Hi Jian -- You are the company, and you set your company policy. If it is your policy to not discuss details that are not published (actually, I don't recall seeing any of your publications recently), that is your choice. We keep some things proprietary also, but not very much. Most of our work is published. Please feel free to enjoy it.

We publish the details so that no one must take our word for what we say. They can view the entire theory and judge for themselves. Perhaps they will copy it. Perhaps they will improve on it. Sometimes they find mistakes, too. But that is OK. That is how science works. You have choosen to not take part in this process, at least for this matter, and that is your choice.

You seem to be suggesting that the tube model is more accurate than the multi-sheet model, but you provide no data or specific line of reasoning to show that this is the case.

Somehow (and you won't tell us how) you get the tube model to match at DC for resistance. OK, maybe so. But then you say your tube model is "closer to reality" and therefore it is more accurate. But it is not clear what you mean by "closer to reality".

To me, "closer to reality" is achieved by doing a convergence analysis. For the multi-sheet model, you just add more sheets (and make cell size smaller), and this converges uniformly and asympotically to the exact answer. The multi-sheet model can always get "closer to reality" as much as is desired (until you run out of computer). This is verified in extreme detail in the MTT Trans. microstrip loss paper I mentioned above.

It seems your "closer to reality" at low frequency is modeling a uniform volume current as a tube composed of four infinitly thin sheets of current. Even with the right DC resistance, you can not possibly get the DC inductance right. Confining the current to just the surface when the real current is over the entire volume over estimates the true inductance. Your DC inductance will be too high.

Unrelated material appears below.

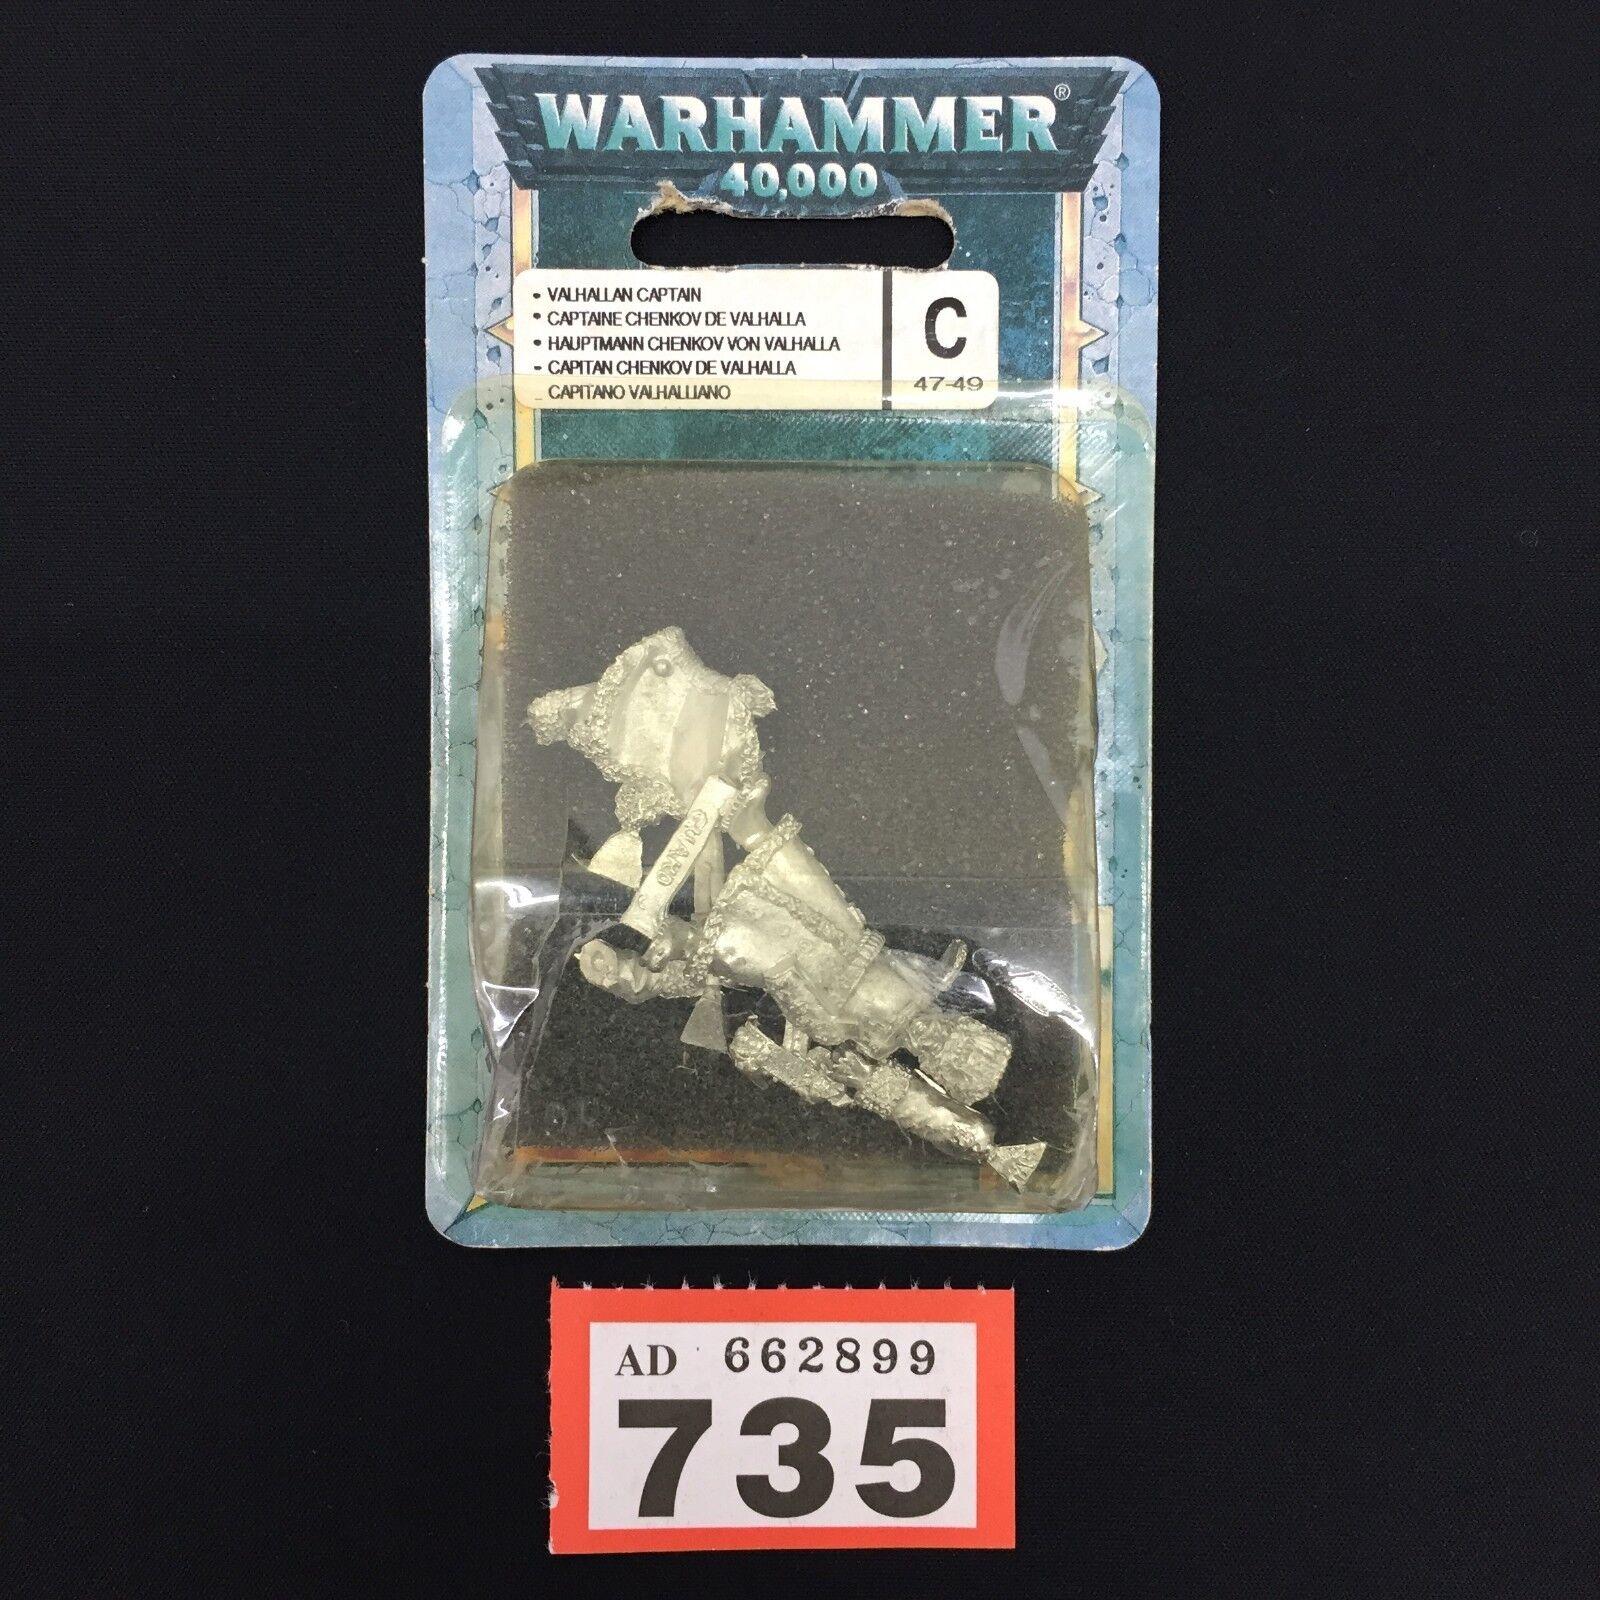 Warhammer 40.000 valhallan captain chenkov. du hast es geschafft - imperialen garde walhalla - blisterpackung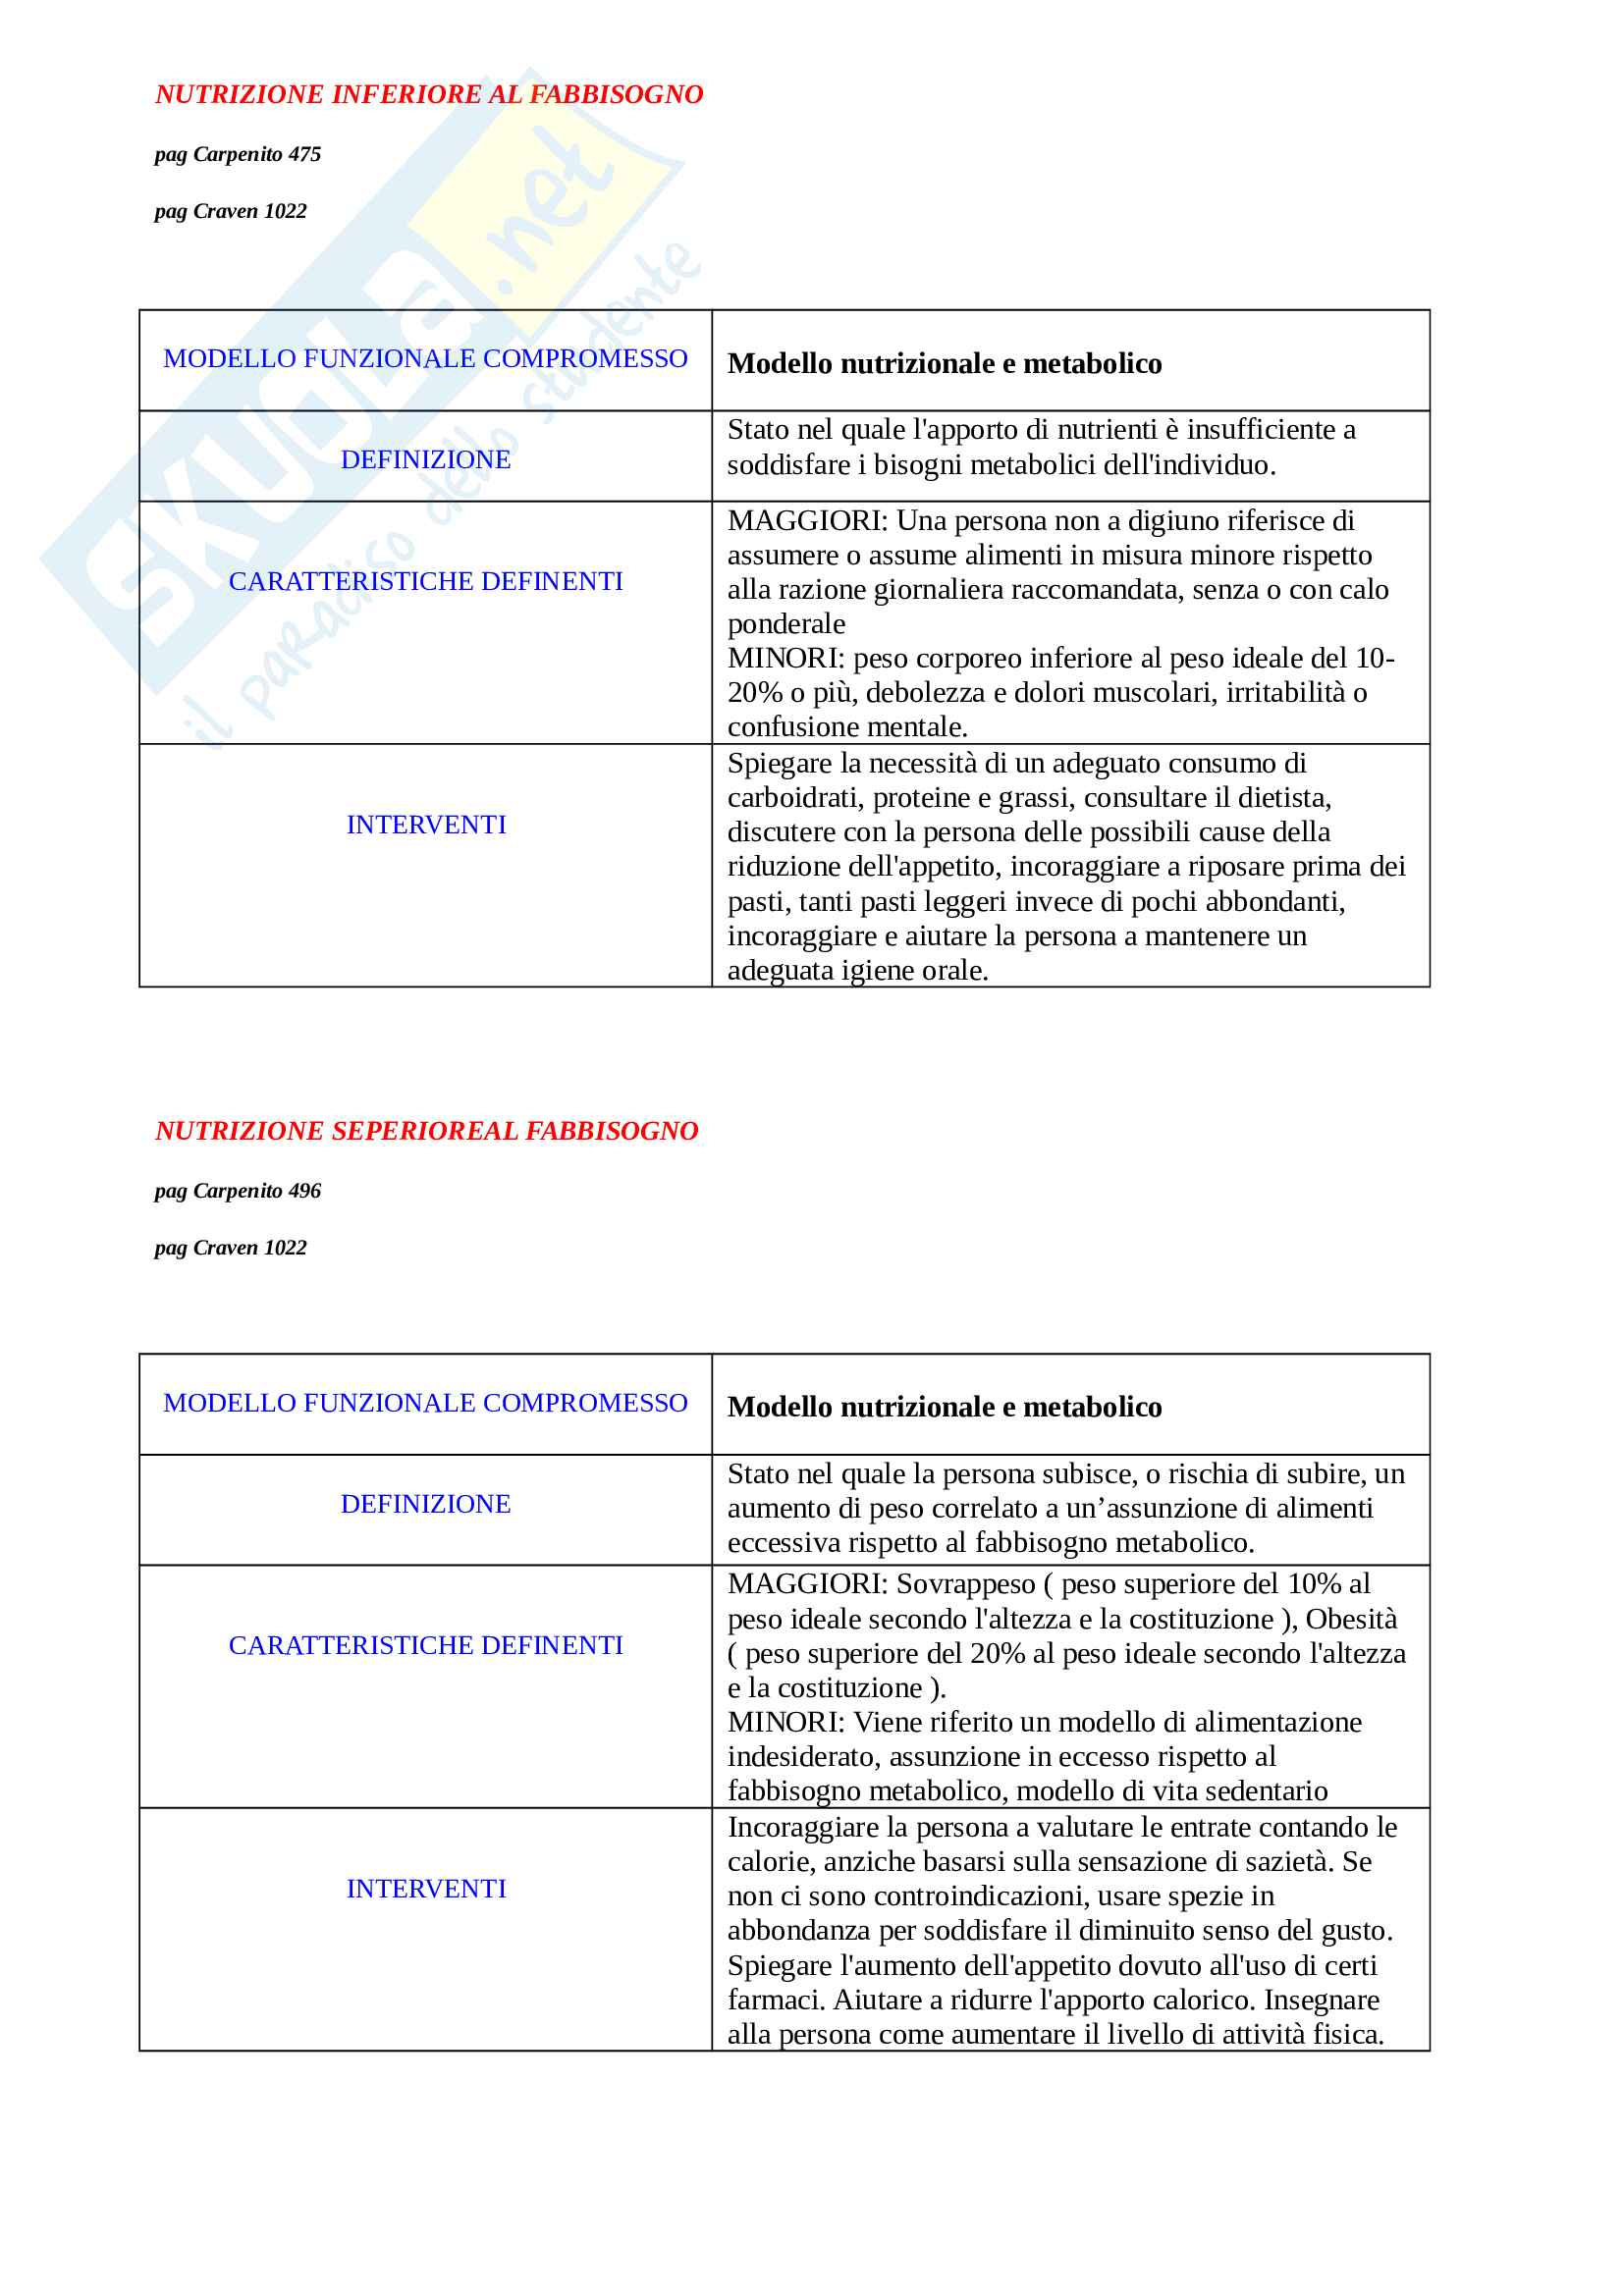 Diagnosi infermieristiche Pag. 11

"How much higher?" Now there is a problem. I see no practical way to do a convergence analysis for the tube model and find out how much the error is. Any suggestions, that you can share with us? If you need "closer to reality" than the four sheets provides, how do you do it?

Bottom line: All models give the wrong answer. To do science and engineering, we must ask, "How much wrong are the results," and provide a solid number for the answer. If we say, "It is accurate," without providing a number (or a way to get the number), we are just doing sales (which I do do myself sometimes too), not science and engineering.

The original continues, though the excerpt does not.